That was so fun to watch. Your dog did great. I thought the same thing about the STD.


----------



## wildo (Jul 27, 2006)

Not that I've watched a lot of agility videos, but I've never seen a start or finish on a tunnel (closed or open) before. Is this pretty common? Nice job on the run!


----------



## Elaine (Sep 10, 2006)

Starting or ending with tunnels is pretty common around here, but this is the first time that I've started and ended with one.


----------



## LuvourGSDs (Jan 14, 2007)

Swwwwwwwwweeeeet !!!!! Great run ! :groovy::thumbup:

I also have a Std run to post from 2 weekends ago. Took 2nd, would have been a first, BUT you will see once I post it. :hammer:

Love the distance you have, my gal still is mega velco & drives me crazy...........


----------



## Elaine (Sep 10, 2006)

My distance is nothing compared to some of those darn border collies. I swear the handler stands in the middle of the course and sort of points from there and the dog does it.


----------



## LuvourGSDs (Jan 14, 2007)

Elaine said:


> My distance is nothing compared to some of those darn border collies. I swear the handler stands in the middle of the course and sort of points from there and the dog does it.


 
Yep, I know & so envy that.....................


----------



## GSDBESTK9 (Mar 26, 2002)

That was a nice run!
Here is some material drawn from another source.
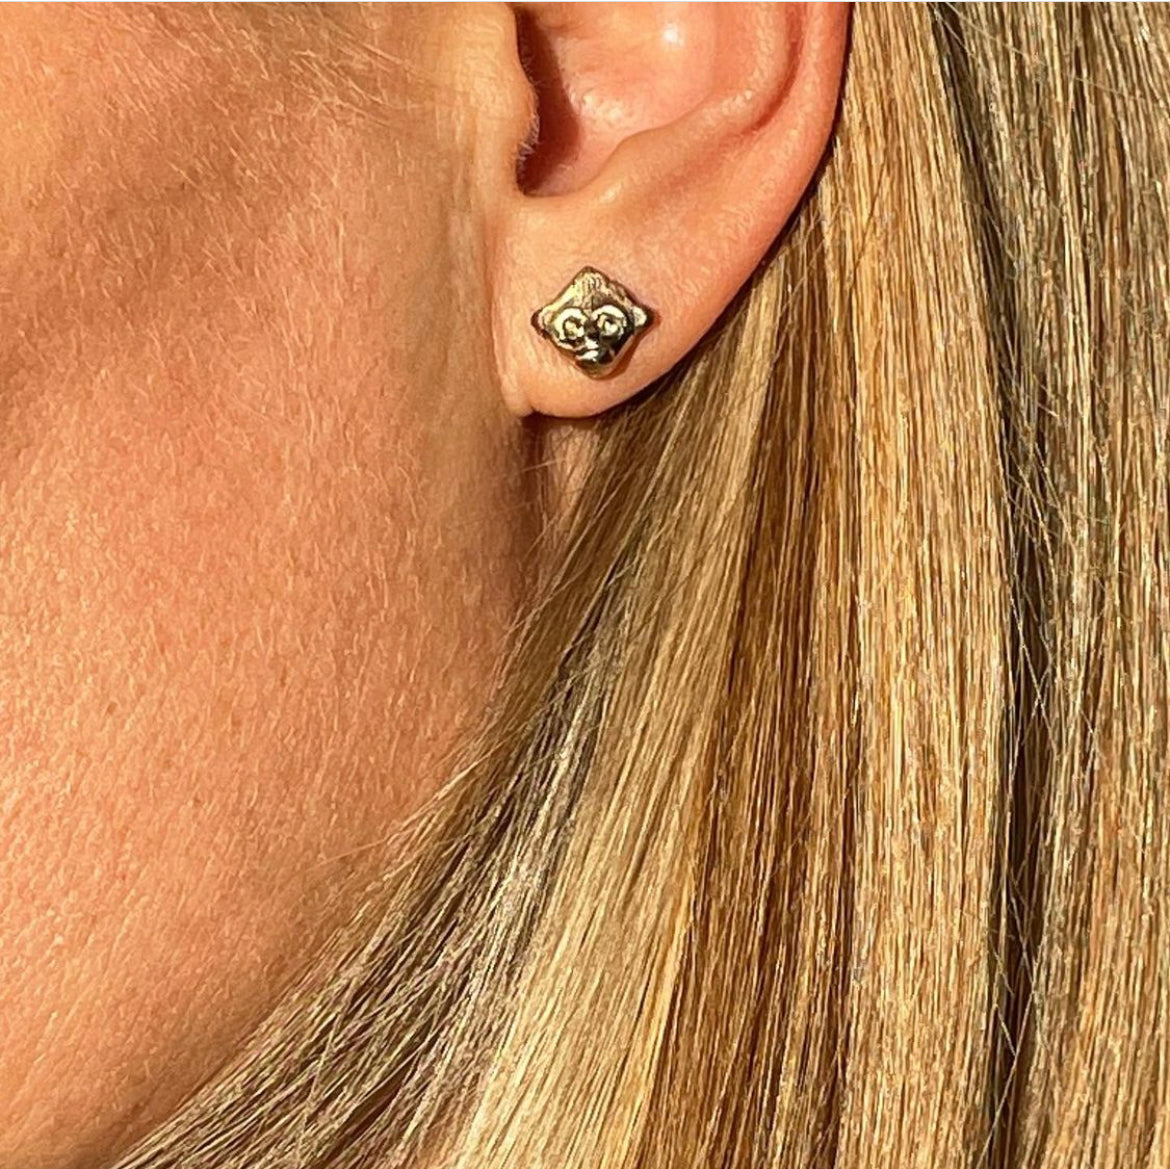 The Beasts. Monkeyface bronze earrings
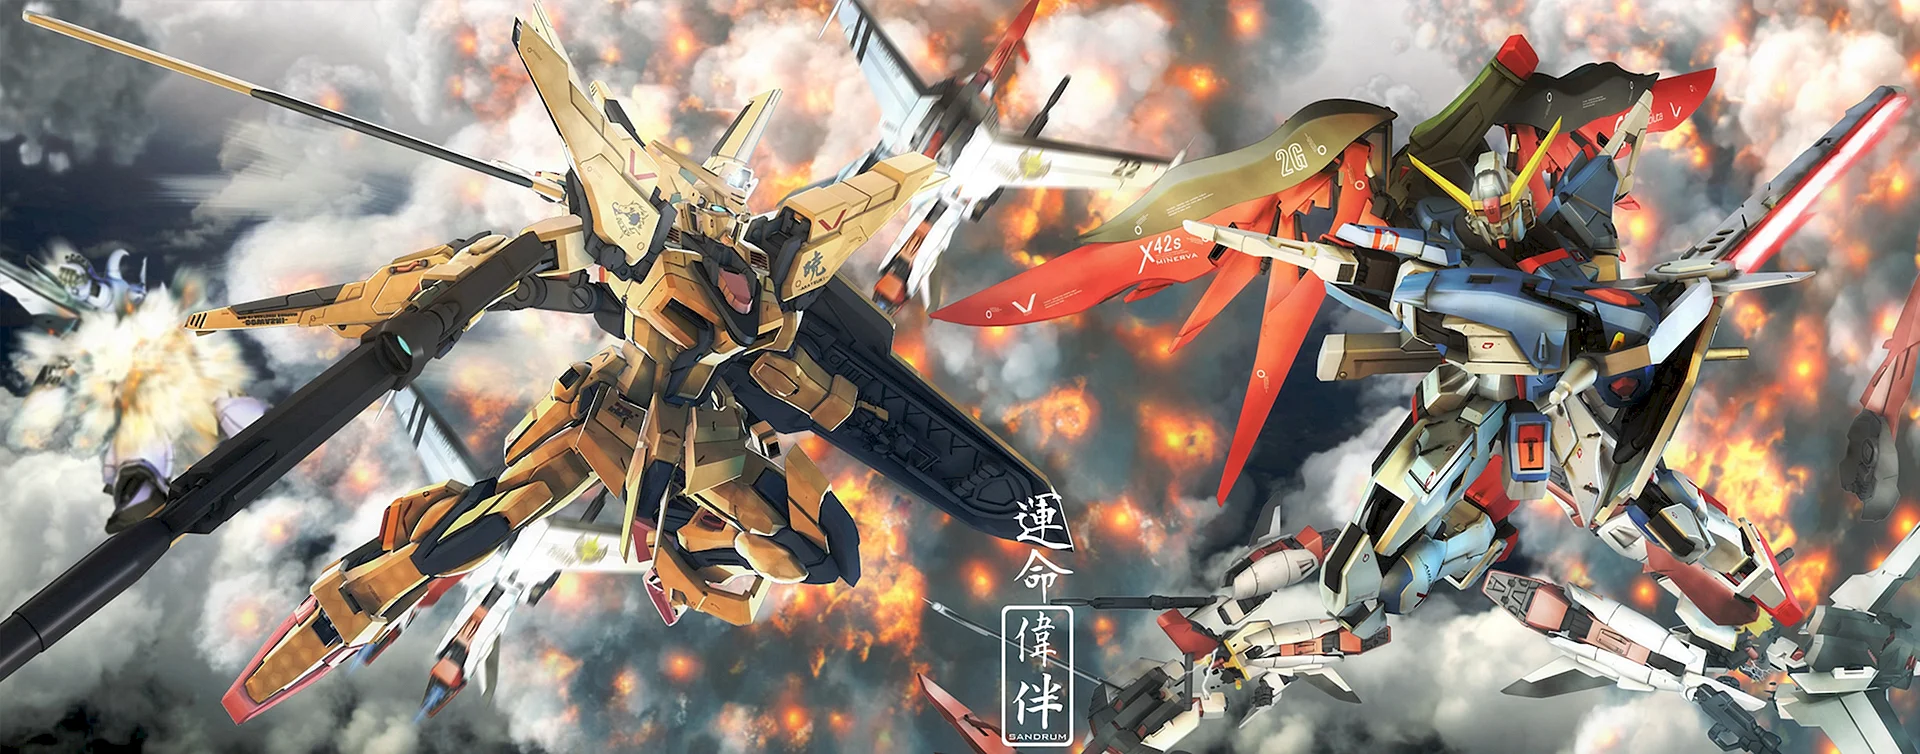 Gundam Thunderbolt Artwork Wallpaper

I do have a question though, when I competed in agility it was either a sit or a down on the table. Your boy just stood, did they change it?


----------



## JakodaCD OA (May 14, 2000)

nice job and great call offs

Not elaine here, but YES , in akc you can do whatever you want on the table now, sit, down, stand, as long as it's that 5 secs


----------



## MaggieRoseLee (Aug 17, 2001)

Great job, thanks for posting the video! :thumbup:


----------